Much of the debate centers around whether or not O’Keefe is a journalist and entitled to press protections. Some claim that Project Veritas’ methods of going undercover and infiltrating organizations, including other news outlets, are not journalism, despite the fact that undercover reporting and stings have been used by news outlets and citizen journalists since before the Civil War to shed light on corruption and illegal and inhumane practices.

When asked who qualifies as a journalist under Justice Department policy, Attorney General Merrick Garland said, “It’s very difficult to make that kind of definition.”

U.S. District Court Judge Analisa Torres has since ordered the FBI to cease its extraction and review of the contents of O’Keefe’s phones.

Adding a layer to the story is Project Veritas’ ongoing defamation lawsuit against the New York Times. The Times has been highly critical of Project Veritas yet seems to be receiving privileged attorney-client documents from the FBI. Not only does the Times appear to have access to privileged information that the FBI may have had no right to seize, much less divulge to the media, but it appears to have been tipped off about the raid.

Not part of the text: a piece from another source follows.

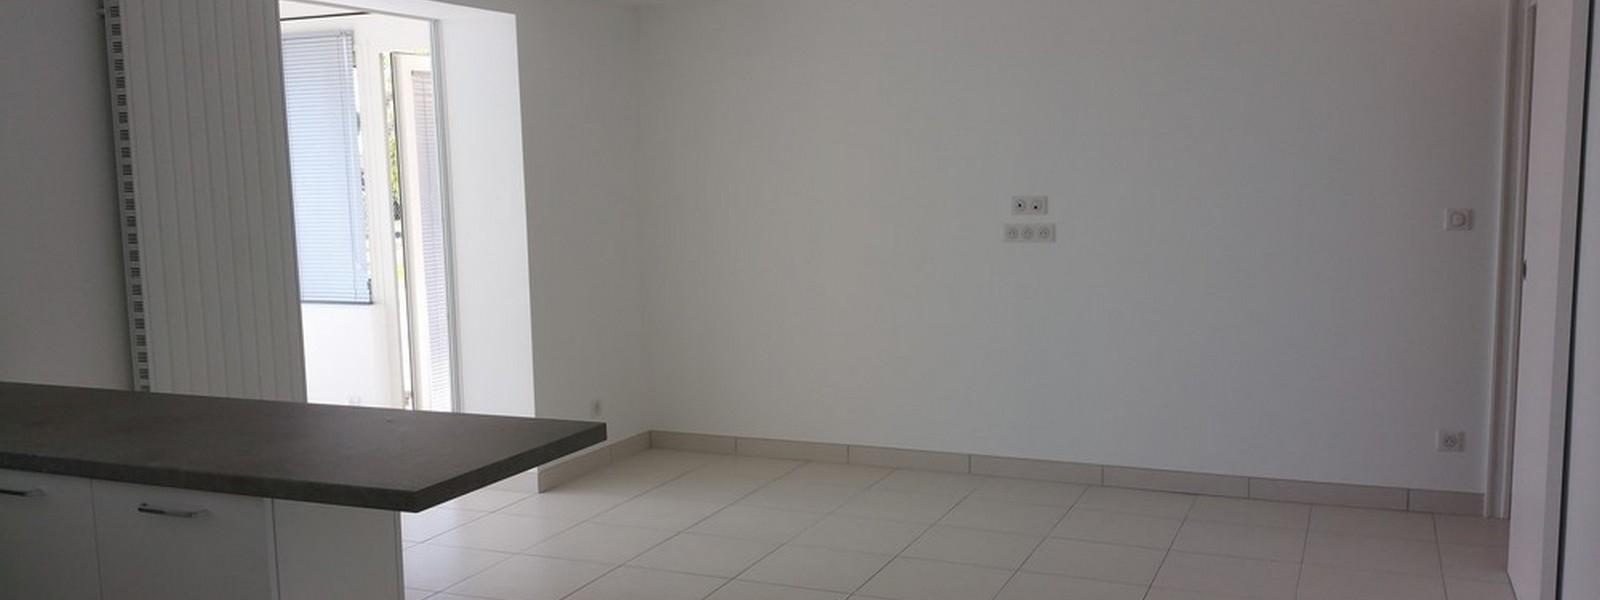 CHEMIN DES PUGINS - Appartements en copropriété - Visuel 1 - Impact immobilier 01

Former federal prosecutor Andy McCarthy wrote,

“The judge should order the [Southern District of New York’s] Biden-appointed U.S. attorney, Damian Williams, to provide the court, immediately, with affidavits detailing communications with the media from every prosecutor, FBI agent, and support staffer who is either involved in the investigation or has had access to the items seized from the current or former PV officials.”

He added, “Judge Torres should ask that Attorney General Merrick Garland immediately refer the matter to Justice Department inspector general Michael Horowitz for a thorough investigation of how the search-warrant information came to be transmitted to the Times.”

Legacy media outlets like the New York Times like to claim that O’Keefe is not a journalist, yet it is the Times facing a defamation lawsuit. In fact, the lawsuit has already been heard by a federal judge, who allowed that lawsuit to move forward after finding sufficient evidence that the Times may have been motivated by “actual malice” and acted with “reckless disregard” in its coverage of Project Veritas.

It is also the Times that is potentially receiving illegally leaked information from the FBI regarding a person and organization they are in a legal battle with and publishing it. It is also the Times that published President Donald Trump’s stolen tax returns, which is a crime.

Why Project Veritas had Ashley Biden’s diary is unknown, but what seems clear is that the FBI is targeting a political opponent and using the might of the Justice Department to not only silence and intimidate a journalist, but to execute a personal vendetta. The Chinese government did something very similar earlier this year in Hong Kong when it raided the offices of Apple Daily and forced it to shut down, something that greatly distressed most free press advocates. If the FBI had done this against the Washington Post or the Boston Globe, the mainstream media would have been having a fit, but in this case they’re not. Why? Because the target is Project Veritas, which exposes truths and corruptions they would prefer to be kept quiet.

Those applauding the jackbooted tactics of the government should remember that permitting this type of behavior in any form will allow for later abuses against all press outlets. Perhaps one day the New York Times itself will post something Big Government doesn’t like — but when the homes of its reporters and editors are raided and the contents leaked to others for nefarious purposes, who will be left to speak up for the Times?